Women on Boards. SB 826 requires California-based publicly held corporations to have on their board of directors at least one female—defined as people who self-identify as women, regardless of their designated sex at birth. The deadline for compliance is December 31, 2019. A corporation may need to increase its authorized number of directors to comply with this requirement. The bill imposes minimum seat requirements that must be filled by women, proportional to the total number of seats, by December 31, 2021. The Secretary of State must publish a report by July 1, 2019 of the number of corporations whose principal executive offices are in California and have at least one female director, and an annual report beginning March 1, 2020, detailing the number of corporations that (1) complied with requirements in 2019, (2) moved their headquarters in or out of California, and (3) were subject to these provisions during 2019, but no longer publicly traded.

For each director’s seat not held by a female during at least a portion of the calendar year—when by law it should have been—the corporation will be subject to a $100,000 fine for the first violation and a $300,000 fine for further violations.
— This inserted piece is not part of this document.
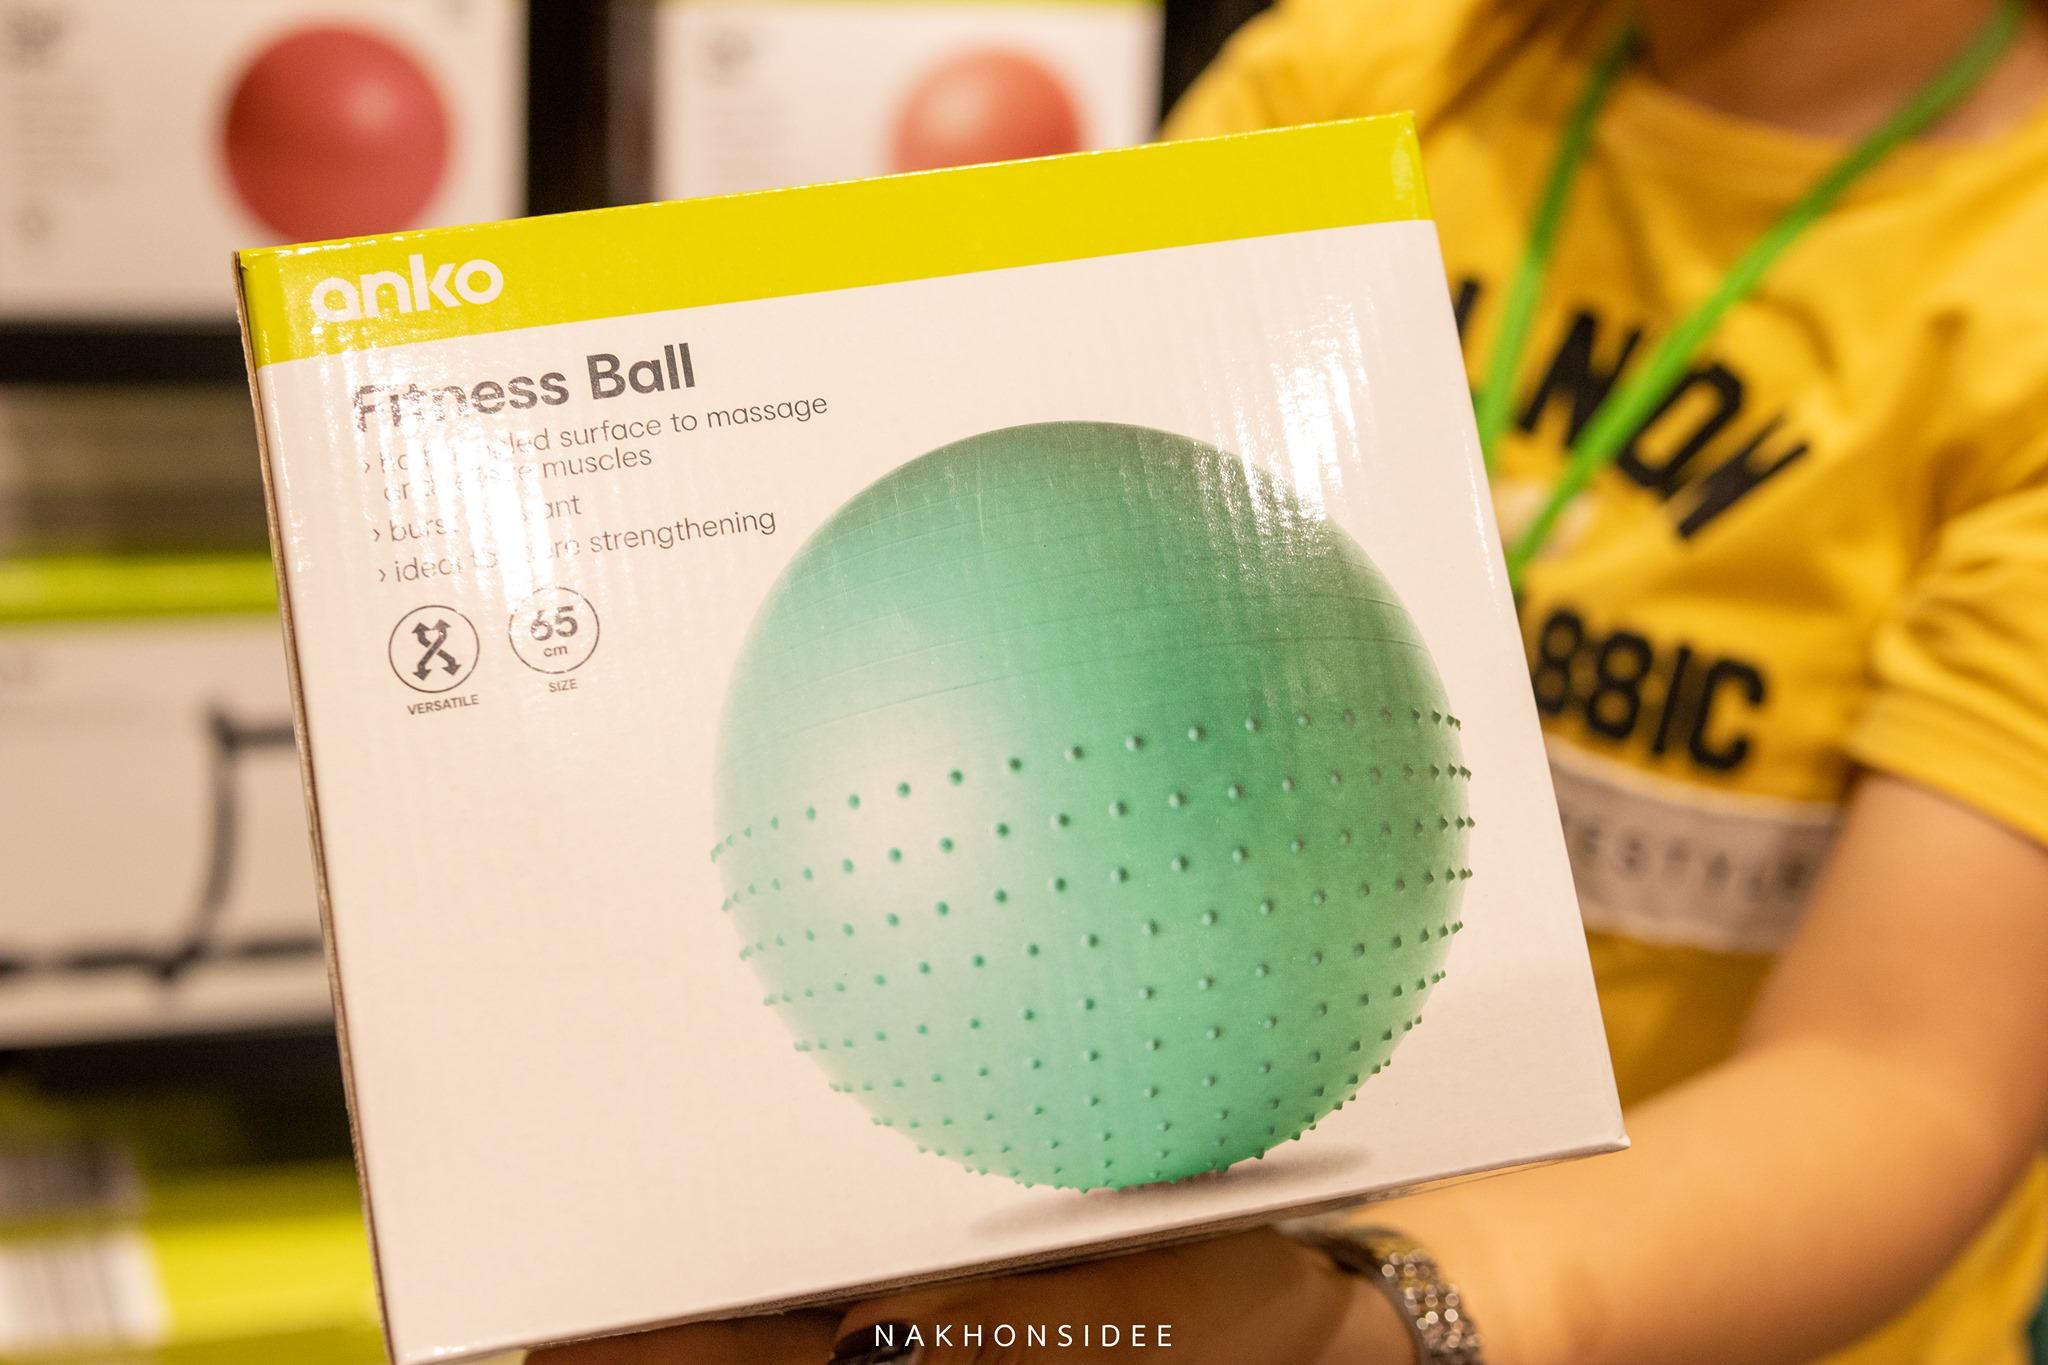 ANKO ไอเท็มเด็ดน่ารักๆ-เพิ่มความสะดวกสบายในการออกกำลังกาย-ด้วยลูกบอลออกกำลังกาย-จากแบรนด์-Anko-อุปกรณ์ที่ง่ายต่อการออกกำลังกาย-ผู้เริ่มต้นเล่นก็สามารถใช้ได้ง่าย-ผลิตด้วยวัสดุคุณภาพชนิดพิเศษ-มีความนุ่ม-แข็งแรง-ทนทาน-และยืดหยุ่นได้ดี-เหมาะสำหรับการออกกำลังโดยเฉพาะอย่างยิ่ง ขนาด-:-65-CM  ราคาปกติ-395-ลด-50--เหลือ-199-บาทเท่านั้น โรบินสัน,นครศรีธรรมราช

Corporations that fail to timely file board member information with the Secretary of State will also be subject to a $100,000 fine. Adds sections 301.3 and 2115.5 to the Corporations Code.

Mediation Confidentiality. SB 954 requires attorneys, except in class actions, to provide their mediating clients with a written disclosure containing the confidentiality restrictions provided in Section 1119 of the Evidence Code and obtain the client’s written acknowledgment that the client has read and understands the confidentiality restrictions. This duty arises as soon as reasonably possible before the client agrees to participate in mediation or a mediation consultation. The bill is of little consequence as an attorney’s failure to comply is not a basis to set aside an agreement prepared in or pursuant to a mediation. Amends Evidence Code section 1122 and adds Evidence Code section 1129.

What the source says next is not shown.